In New York, for instance, yields on 30-year debt are 4.8%. On a tax-equivalent basis, which accounts for tax savings, that translates to roughly 9.8% for buyers in the state’s top tax bracket, according to a Friday research note by Kathleen McNamara, senior municipal strategist at UBS.

“Given the higher yield environment, we believe that high quality state GO bonds now present an attractive risk-return tradeoff for long-term investors,” McNamara wrote.

The report also highlighted states like California, Texas and Washington, where investors in the top tax bracket can reap yields ranging from 8% to 10% for long-maturity, general-obligation debt.
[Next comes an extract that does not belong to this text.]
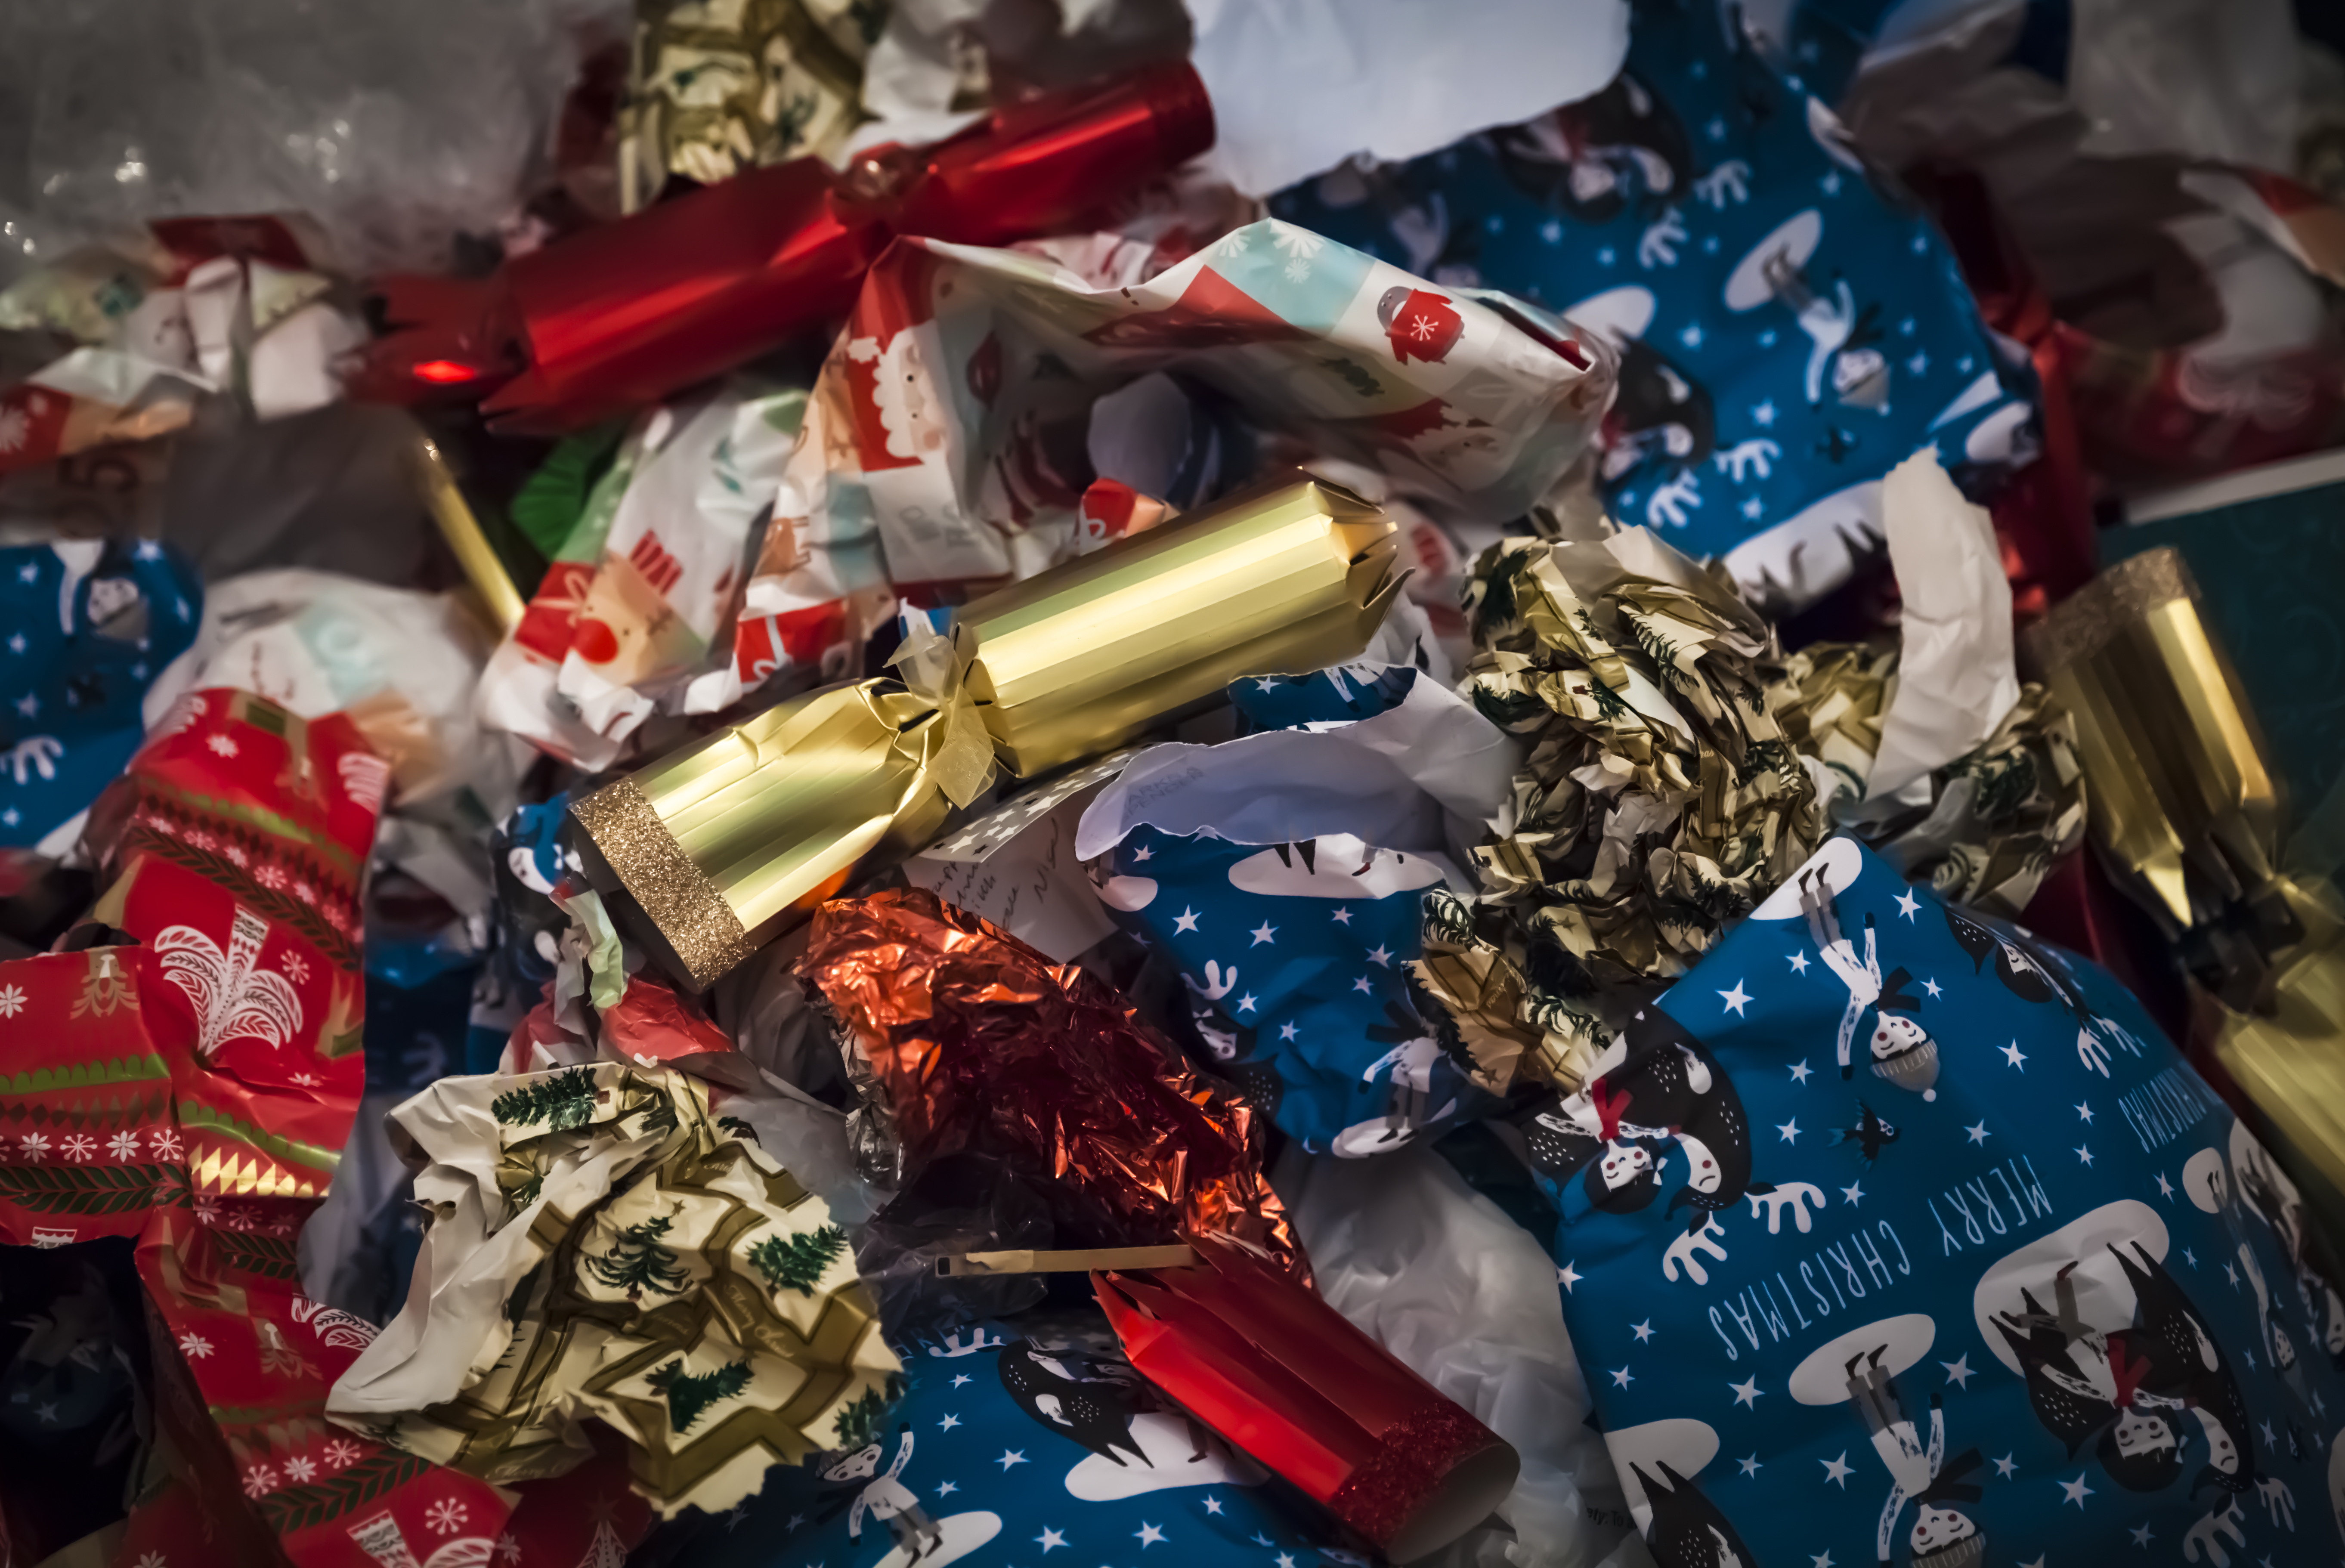 Pile of Christmas wrapping paper and discarded bonbons

For New Jersey, UBS strategists suggested bonds in the 15- to 21-year maturity range.

State level credits even outside of the general obligation sector are providing extra yield. Take 30-year bonds sold this month by the New York Power Authority. They’re trading at about 5.2%.

On a tax-equivalent basis that would earn about 10.7% for investors in the top bracket, according to an online tool from Eaton Vance Management.

States vs. Locals | Muni bonds of states outperformed local GO credits

Year-to-date, state general-obligation debt has lost 1.8%, according to data compiled by Bloomberg, outperforming the 3.45% losses from local credits and the 2.26% losses among munis broadly. UBS attributes the losses to the surge in rates, rather than declining credit fundamentals.

Dora Lee, director of research for Belle Haven Investments, echoed the recommendation.

“In muni-land, you are talking about single and double A-rated credits offering these very attractive yields for a minuscule default rate,” Lee said. “You can find very good opportunities within your home state.”